For further information, refer: Multiplicatively separable function

Suppose $G(x,y)$ is a multiplicatively separable function of two variables, i.e., we can write: $\! G(x,y) := f(x)g(y)$

where $f,g$ are both functions of one variable. Assume that both $f$ and $g$ are both differentiable. Then, we have: $\! G_x(x,y) = f'(x)g(y), G_y(x,y) = f(x)g'(y)$

Differentiating each of these a second time with respect to the other variable, we obtain that: $\! G_{xy}(x,y) = f'(x)g'(y), G_{yx}(x,y) = f'(x)g'(y)$

We thus see that both the second-order mixed partial derivatives are equal.

Note that the proof for multiplicatively separable functions can be easily generalized to functions that are expressible as sums of multiplicatively separable functions. This, therefore, includes all polynomial functions.

## Proof

### Key computation as a double limit at a point

Based on the definition as a double limit at a point, we have: $f_{xy}(x_0,y_0) = \lim_{y \to y_0} \frac{\lim_{x\to x_0} \frac{f(x,y) - f(x_0,y)}{x- x_0} - \lim_{x \to x_0} \frac{f(x,y_0) - f(x_0,y_0)}{x- x_0}}{y - y_0}$

Now, conditional to the existence of this expression, we can use that limit is linear to combine the two limits in the inner sum on the right side and get: $f_{xy}(x_0,y_0) = \lim_{y \to y_0} \frac{\lim_{x\to x_0} \left(\frac{f(x,y) - f(x_0,y)}{x- x_0} - \frac{f(x,y_0) - f(x_0,y_0)}{x- x_0}\right)}{y - y_0}$

With some simple algebraic tidying up, this becomes: $f_{xy}(x_0,y_0) = \lim_{y \to y_0} \lim_{x\to x_0} \left[\frac{f(x,y) - f(x_0,y) - f(x,y_0) + f(x_0,y_0)}{(x -x_0)(y - y_0)}\right]$

A similar calculation for the other mixed partial yields that: $f_{yx}(x_0,y_0) = \lim_{x \to x_0} \lim_{y\to y_0} \left[\frac{f(x,y) - f(x,y_0) - f(x_0,y) + f(x_0,y_0)}{(y -y_0)(x - x_0)}\right]$

We notice that, although the terms are written in a slightly different order, the expressions whose limit is being computed is the same in both cases.
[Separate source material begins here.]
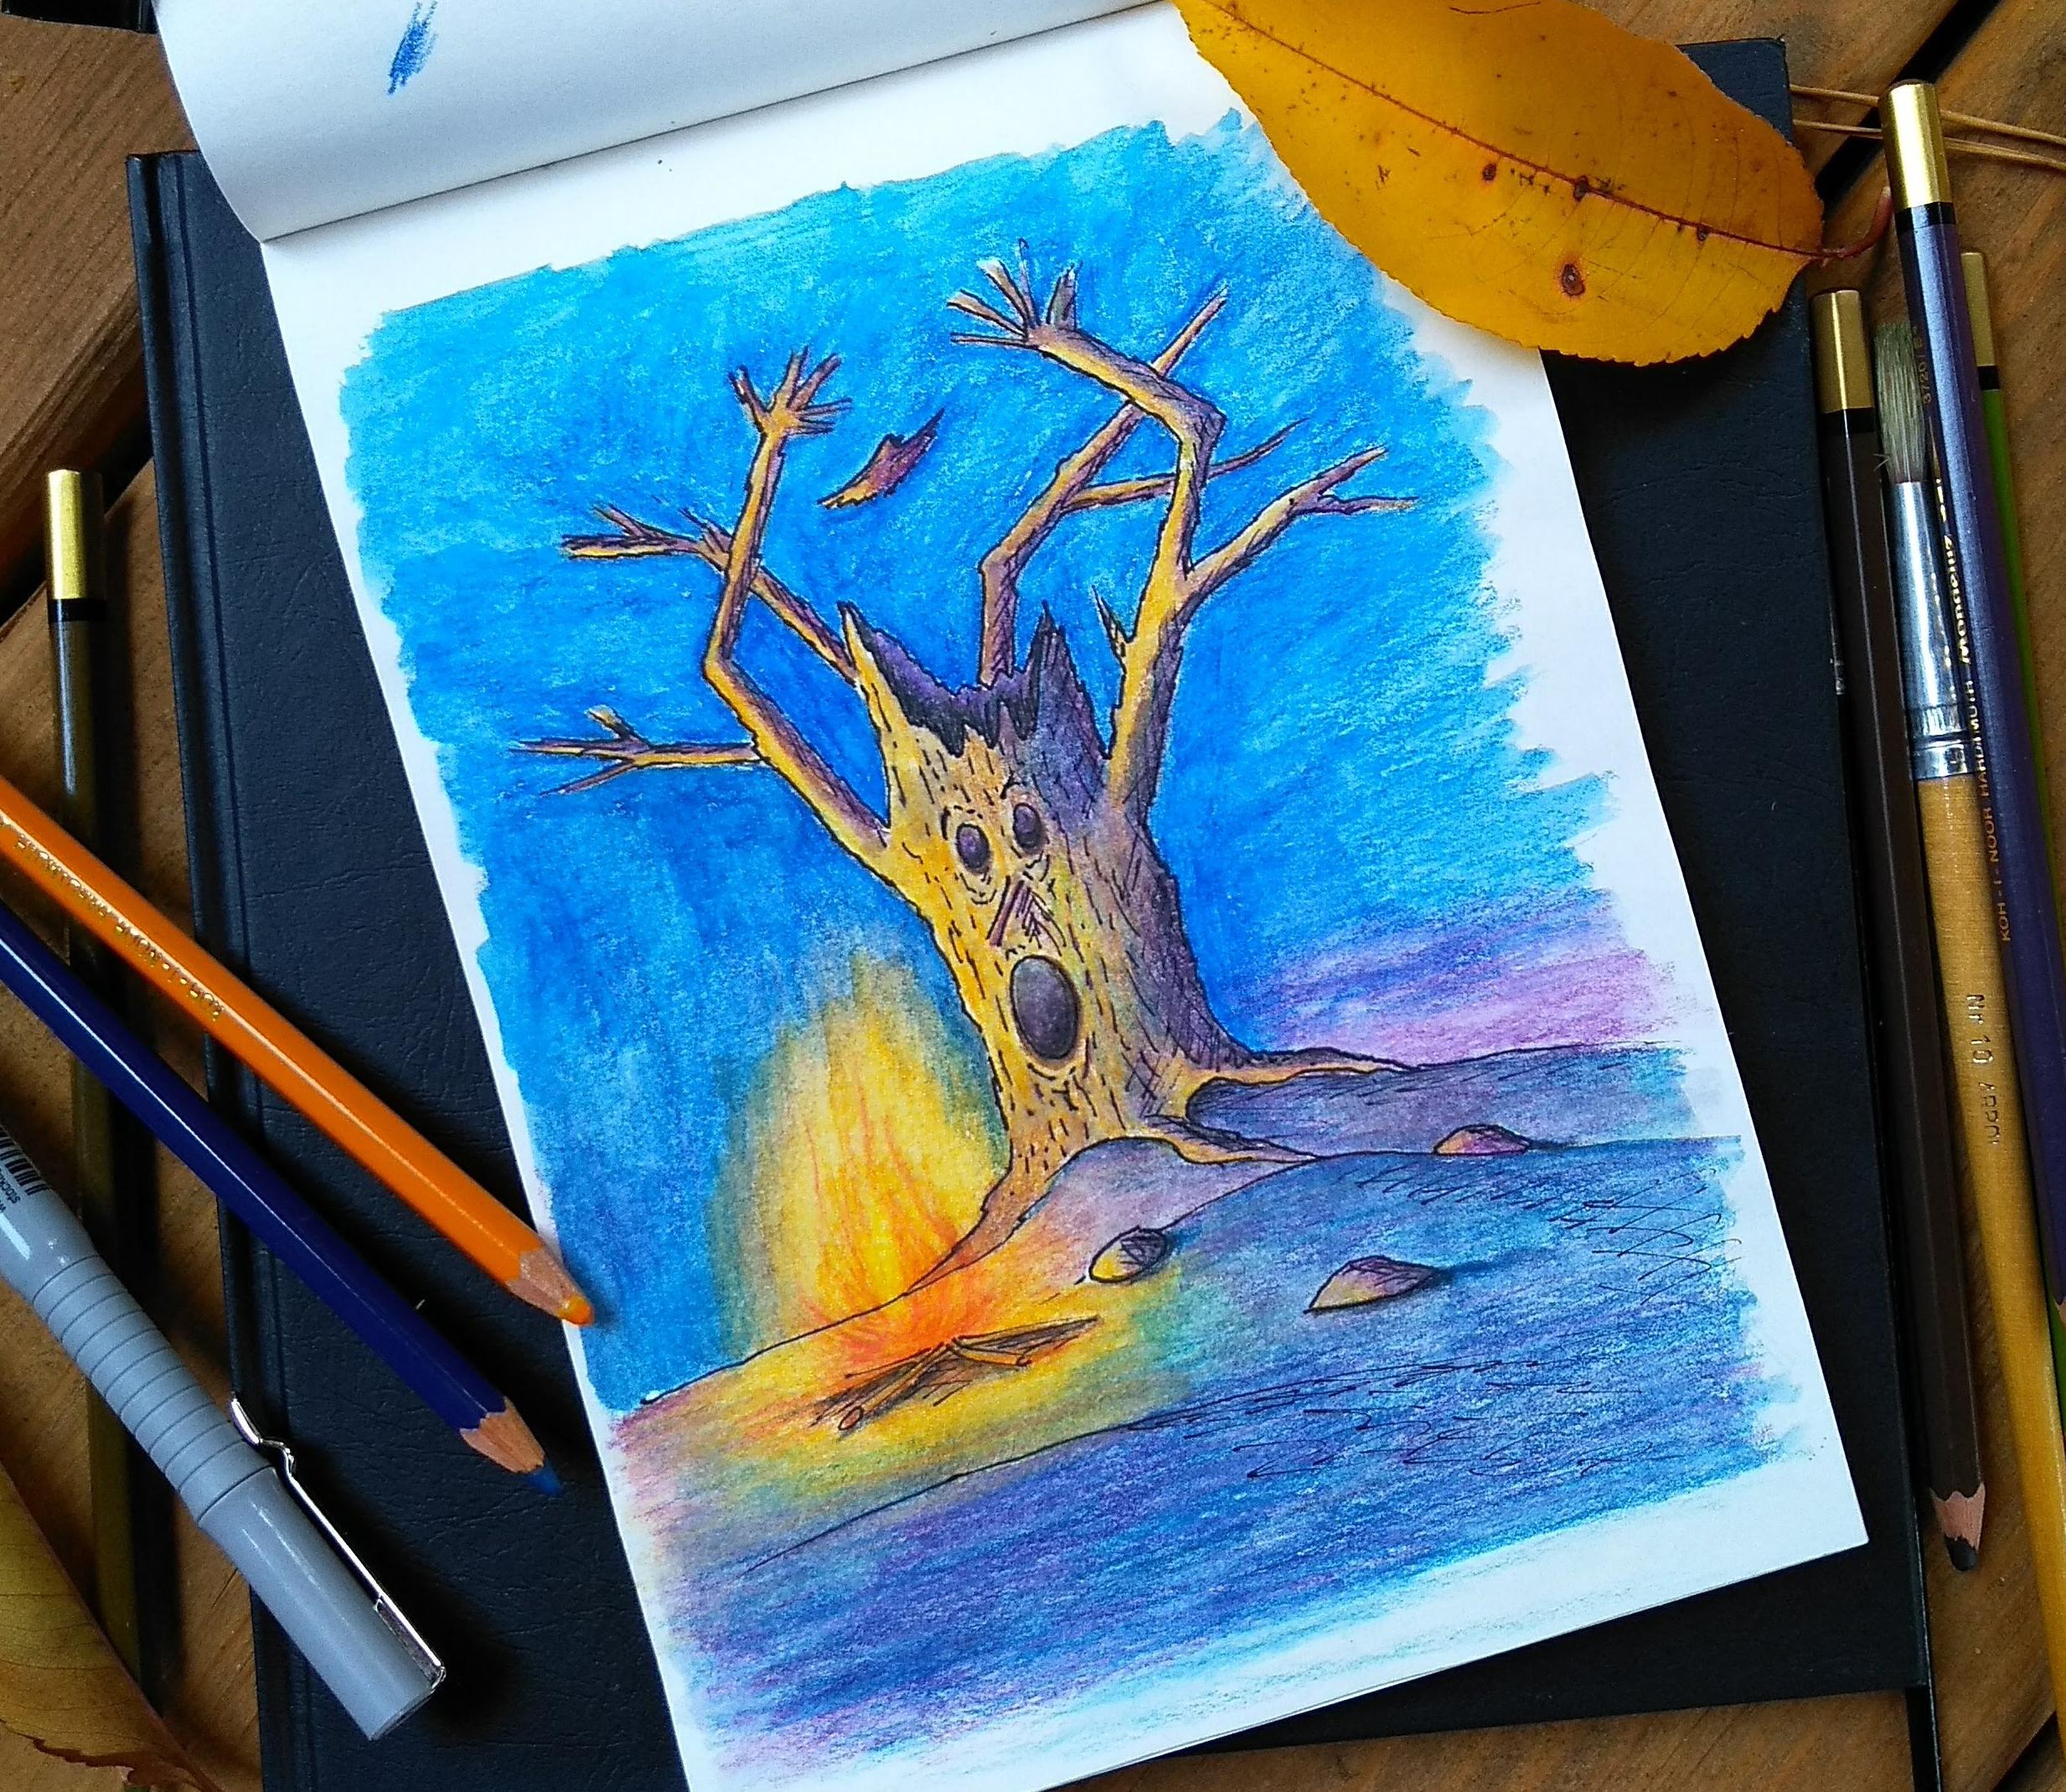 malarstwo akrylowe olejne obrazy galeria ilustracje dla dzieci ilustrator akwarela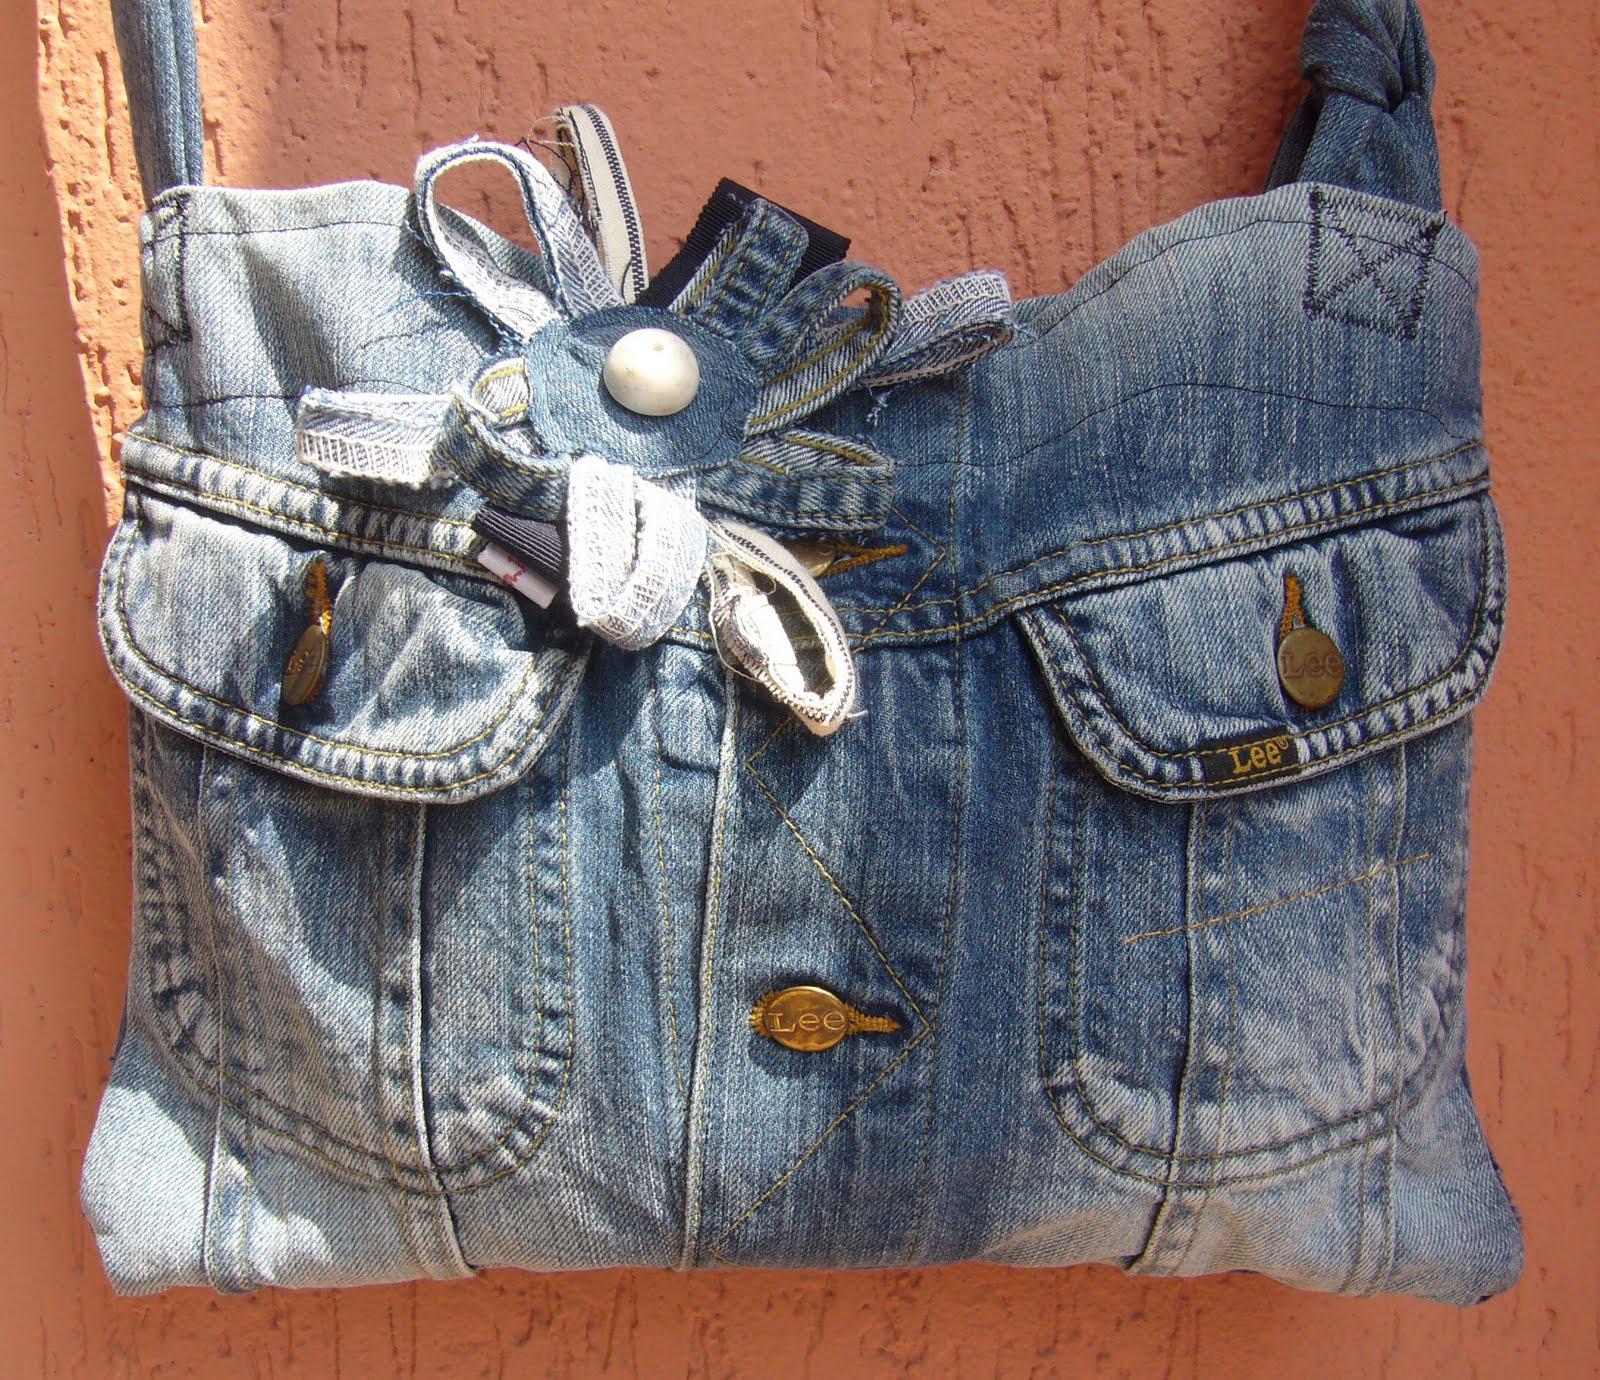 Fior di anna riciclando borse di jeans for Borse fai da te jeans

The only difference between the two cases is the order in which we are taking limits. In the $f_{xy}$ case, we take the limit with respect to $x \to x_0$ on the inside, and then take the limit with respect to $y \to y_0$ on the outside. In the $f_{yx}$ case, we take the limit with respect to $y \to y_0$ on the inside, and then take the limit with respect to $x \to x_0$ on the outside.